In this example, the runtime has status.storage.topic set to connect-status. Records in this topic show the status for a connector named file-source and Kafka Connect uses that name to derive the key, status-connector-file-source, for records related to the connector.

Group Membership

In addition to topics, Kafka Connect makes extensive use of Kafka’s group membership API.

First, for each sink connector, the Kafka Connect runtime runs a regular consumer group that consumes records from Kafka to pass them to the connector. By default, the groups are named after the connector name; for example, for a connector named file-sink, the group is connect-file-sink. Each consumer in the group provides records to a single task. These groups and their offsets can be retrieved using regular consumer groups tools, such as kafka-consumer-groups.sh.

In addition, Kafka Connect uses the group membership API to assign connectors and tasks to workers and ensure each user partition is only consumed by a single sink task per connector. At startup, Kafka Connect creates a group using the group.id value from its configuration. This group is not directly visible by the consumer groups tools, as it’s not a consumer group, but it works in essentially the same way. This is why all workers with the same group.id value become part of the same Kafka Connect cluster.

To be a member of a group, workers, just like regular consumers, have to heartbeat regularly. A heartbeat is a request that contains the group name, the member ID and a few more fields to identify the sender. It is sent at regular intervals (specified by heartbeat.interval.ms, with a default value of three seconds) by all workers to the group coordinator. If a worker stops sending heartbeats, the coordinator detects it, removes the worker from the group, and triggers a rebalance. During a rebalance, tasks are assigned to workers using a rebalance protocol.

Rebalance Protocols

The specifics of rebalance (or rebalancing) protocols are generally hard to comprehend. Thankfully, to use Kafka Connect effectively, it’s enough to understand the high-level process described in this section.

Kafka Connect wants to ensure that all tasks are running, that each task is run by a single worker, and that tasks are spread evenly across all workers. The distribution of tasks has to be updated anytime the resources that are managed by Kafka Connect change, such as when a worker joins or leaves the group, or when tasks from a connector are added or removed. When resources change, Kafka Connect has to rebalance tasks across the workers.

The mechanism that Kafka Connect uses for rebalances has changed over time. Until Kafka 2.3, during a rebalance, Kafka Connect simply stopped all tasks and reassigned them all onto the available workers. This is called the eager rebalance protocol, also called “stop the world.” The main issue with this protocol is that Kafka Connect can run a set of independent connectors, and each time one of these connectors decides to create or delete tasks, all connectors and tasks are stopped, then reassigned to workers, then restarted. In a busy Kafka Connect cluster, this can cause long and repetitive pauses in data processing. It also makes rolling restarts very expensive, as each worker causes two rebalances to happen: one when it shuts down and another one when it restarts.

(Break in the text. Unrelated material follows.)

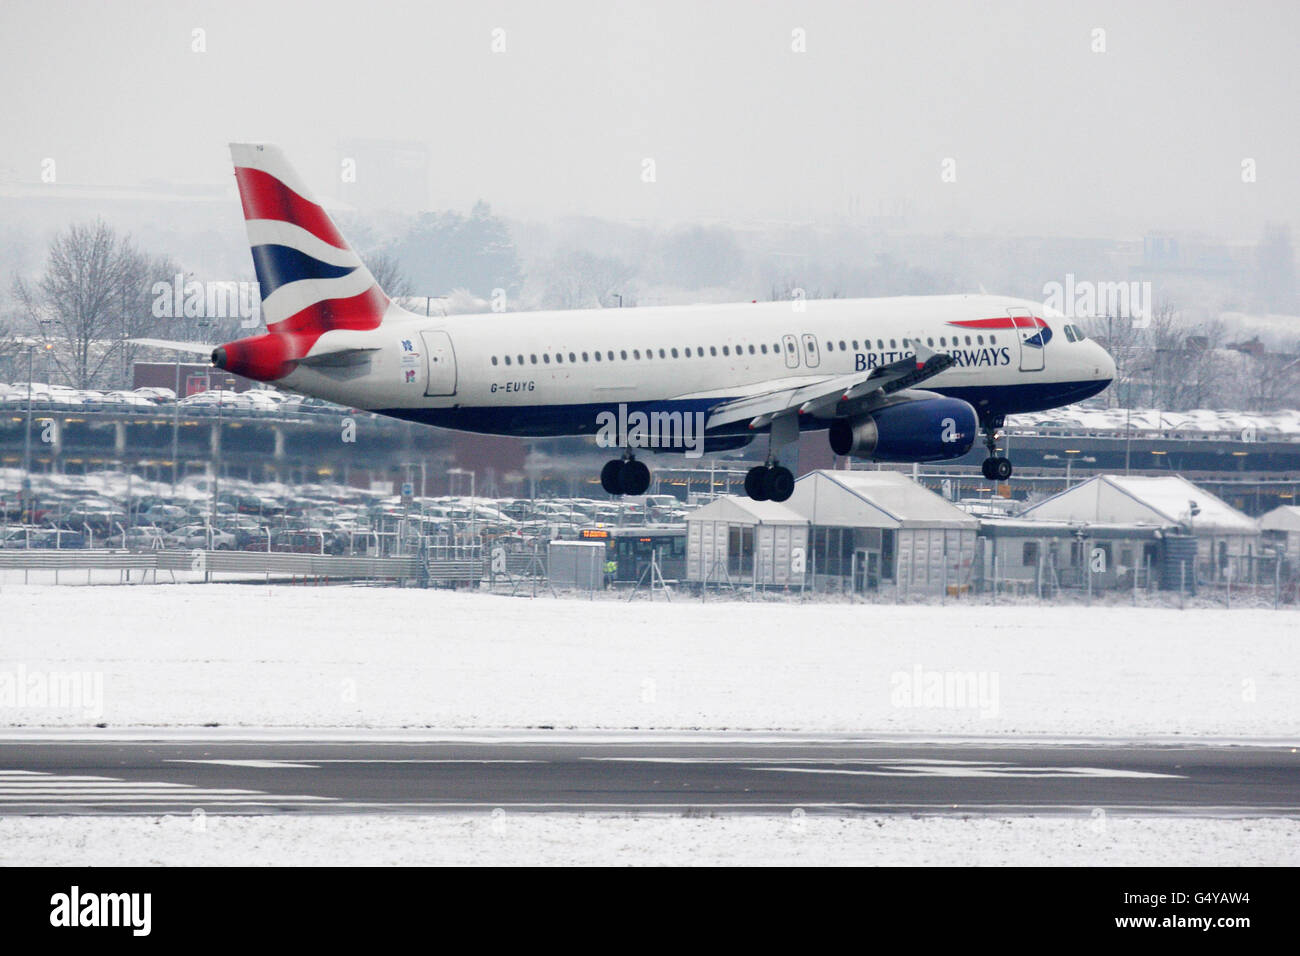 A British Airways plane takes off from Heathrow Airport in West London. Stock Photo

In Kafka 2.3, Connect introduced an incremental cooperative rebalance protocol called compatible. The idea is to avoid stopping all connectors and tasks each time a rebalance happens and instead only rebalance the resources that need to be rebalanced (incrementally, if possible). For example, if a worker disappears, Kafka Connect waits a short duration before rebalancing anything. This is because workers usually don’t experience destructive failures and will restart immediately. If a worker rejoins quickly, it keeps the tasks that it owned before and no rebalance is needed. If the worker does not rejoin quickly enough—the duration is specified via scheduled.rebalance.max.delay.ms, with a default of five minutes—then the tasks it used to run are reassigned to available workers.

Since Kafka 2.4, the default rebalance protocol is sessioned. In terms of rebalancing behavior, it works exactly the same way as compatible, but it also ensures that intra-cluster communications are secured. Like compatible, sessioned is only active if all workers support it; otherwise, it defaults to the common protocol shared by all workers.

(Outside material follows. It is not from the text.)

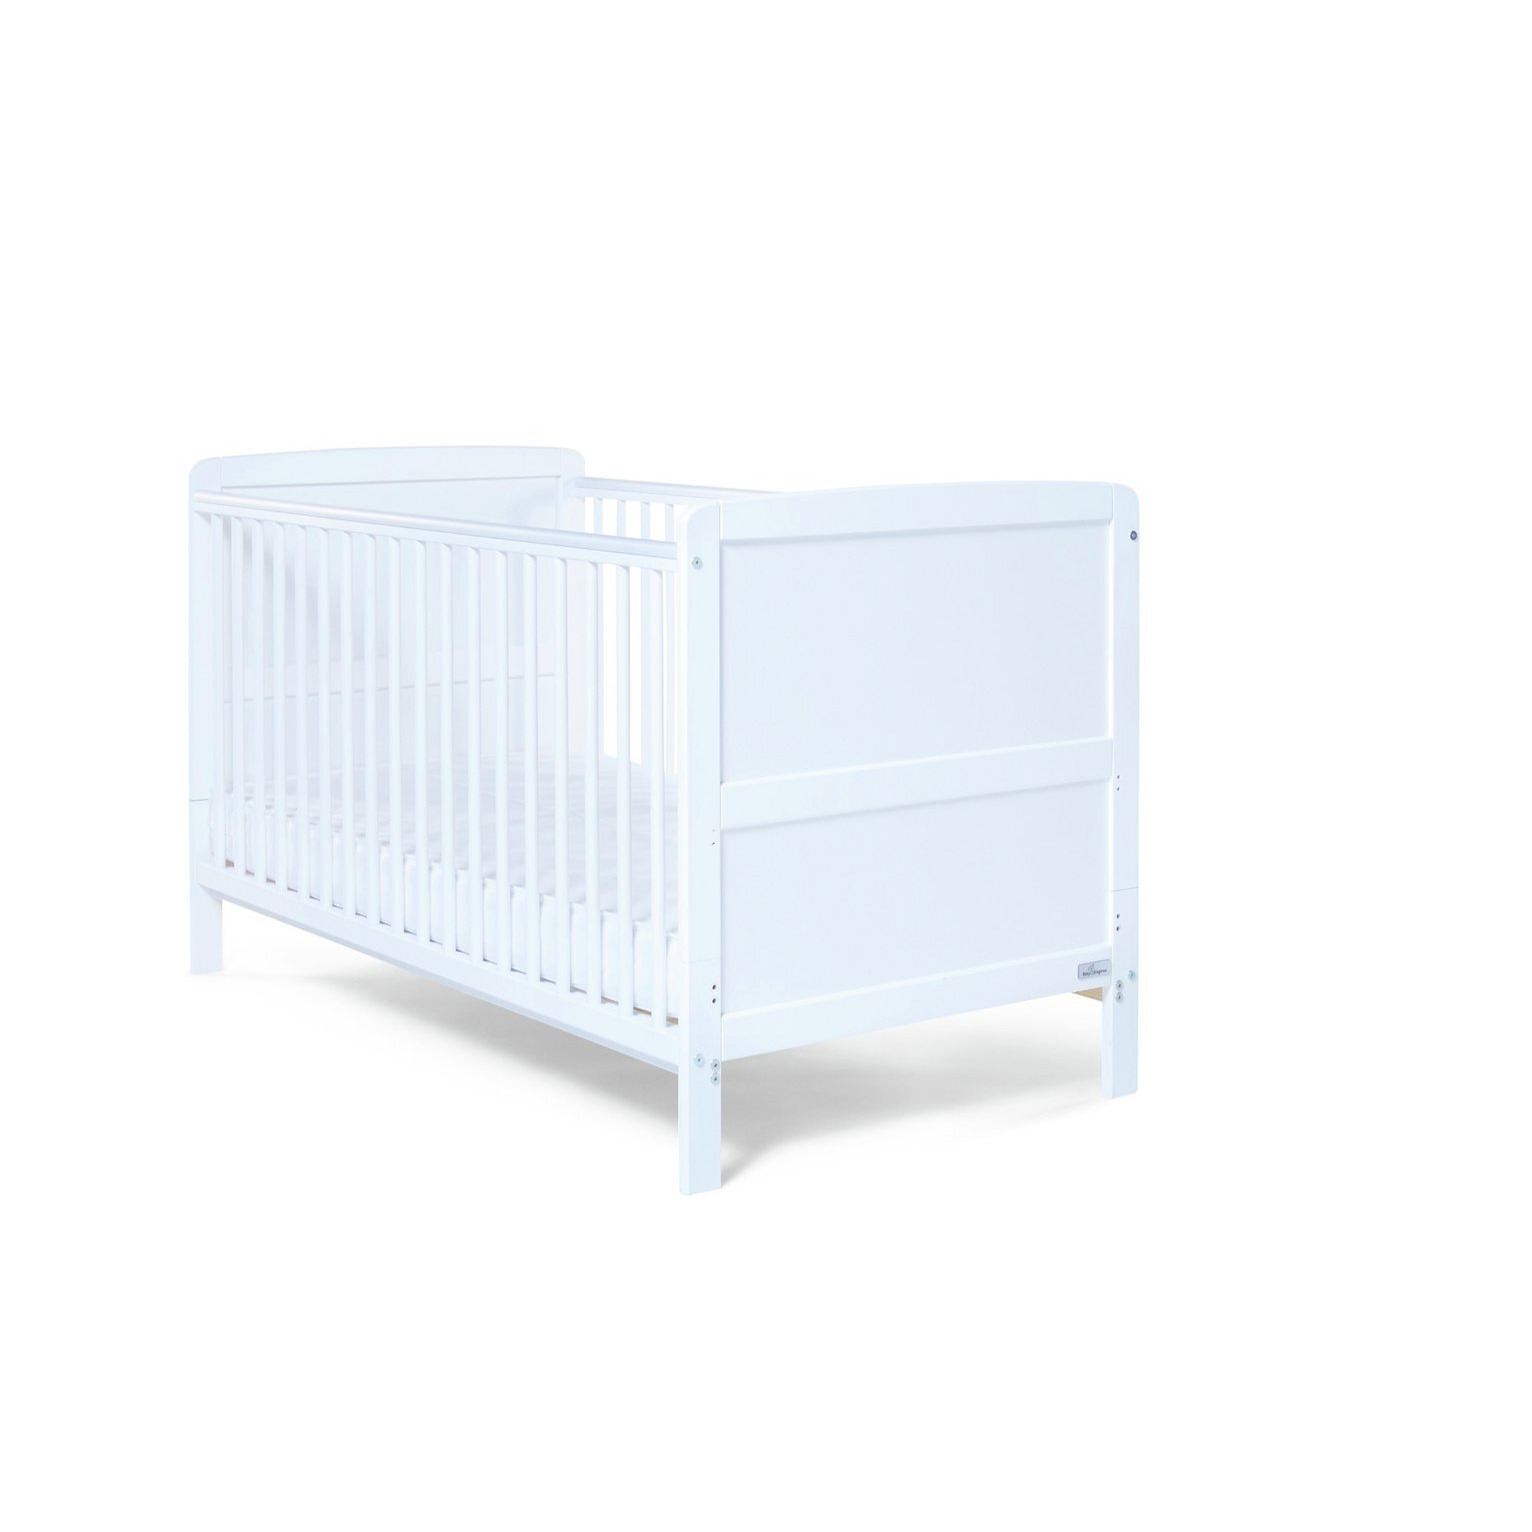 Baby Elegance Travis Baby Cot Bed with Mattress - White - image 1

The rebalance protocol used by Kafka Connect is specified by the connect.protocol configuration. Users should keep the default value for the version they use and only consider downgrading to eager if they rely on its specific behavior.

Note

For more details on the history behind each protocol, you can read the respective KIPs. The compatible rebalance protocol was introduced by KIP-415. The sessioned rebalance protocol was introduced by KIP-507.

Handling Failures in Kafka Connect

Now that you understand how Kafka Connect manages its state, let’s take a look at the most common types of failures and how to handle them.

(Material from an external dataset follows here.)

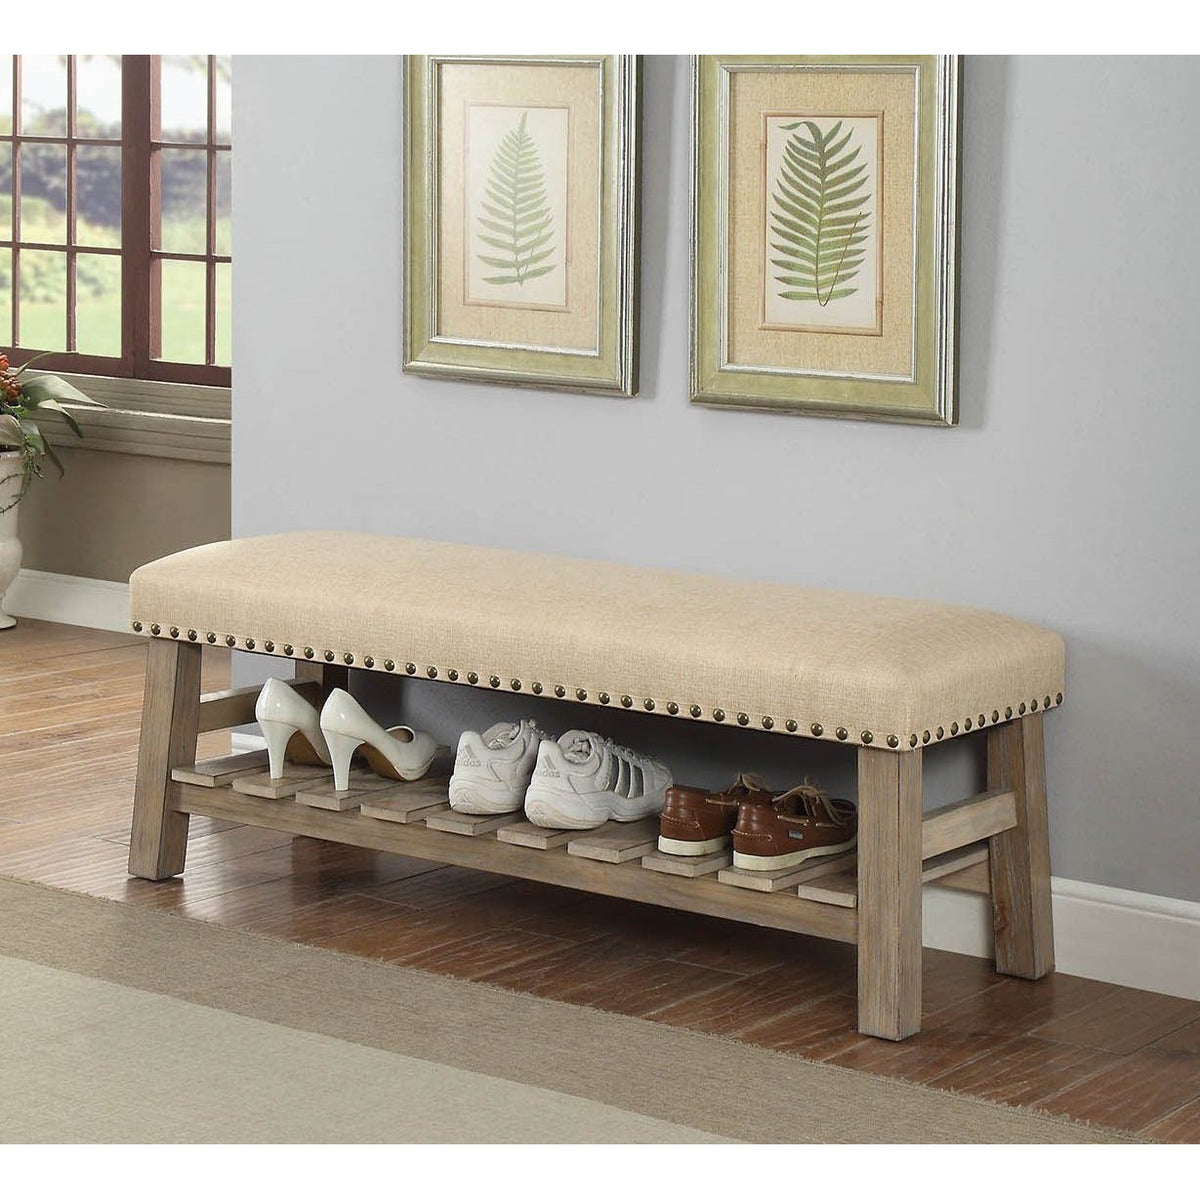 Nail Head Upholstered Accent Bench,bench,Adley & Company Inc.

In order to build a resilient pipeline, it’s key to understand how all components in your system handle failures. In this section, we focus on Kafka Connect and how it handles failures, ignoring other components such as the operating system, execution and deployment environment, or hardware.

We cover the following failures:

  • Worker failure

  • Connector/task failure

  • Kafka/external systems failure

We also discuss how you can use dead letter queues to deal with unprocessable records.

Worker Failure

In distributed mode, Kafka Connect can run across multiple workers. We recommend using at least two workers to be resilient to worker failure.

For example, if we have three workers that are running two connectors (C1 and C2), the different tasks could be spread out like in Figure 4-7.

Example of a Kafka Connect cluster with three workers. Connector C1 has three tasks (T1, T2, T3) and C2 has two tasks (T1 and T2).
Figure 4-7. Example of a Kafka Connect cluster with three workers. Connector C1 has three tasks (T1, T2, T3) and C2 has two tasks (T1 and T2).

In this case, if worker2 is taken offline—either because it crashed or for maintenance—Kafka does not receive its heartbeat anymore. After a short interval, it automatically kicks worker2 out of the group, which forces Kafka Connect to rebalance all running tasks onto the remaining workers.

After the rebalance, the task assignment may look like Figure 4-8.

Kafka Connect has reassigned all tasks onto the remaining workers
Figure 4-8. Kafka Connect has reassigned all tasks onto the remaining workers

While the rebalance is happening, the tasks that were on worker2 are not run. This mechanism triggers and completes within about five minutes. The actual time it takes depends mostly on the following configurations:

  • session.timeout.ms is the maximum duration between two consecutive heartbeats from workers

  • rebalance.timeout.ms is the maximum duration workers can take to rejoin the group when a rebalance happens

  • scheduled.rebalance.max.delay.ms is the time to wait before re-allocating the connectors and tasks of workers that have fallen out of the group since the last rebalance

When a worker is not stopped cleanly, it’s possible that its tasks did not commit offsets for all records they were processing. So, upon restarting, some tasks may reprocess some records. We discuss this problem later in this chapter.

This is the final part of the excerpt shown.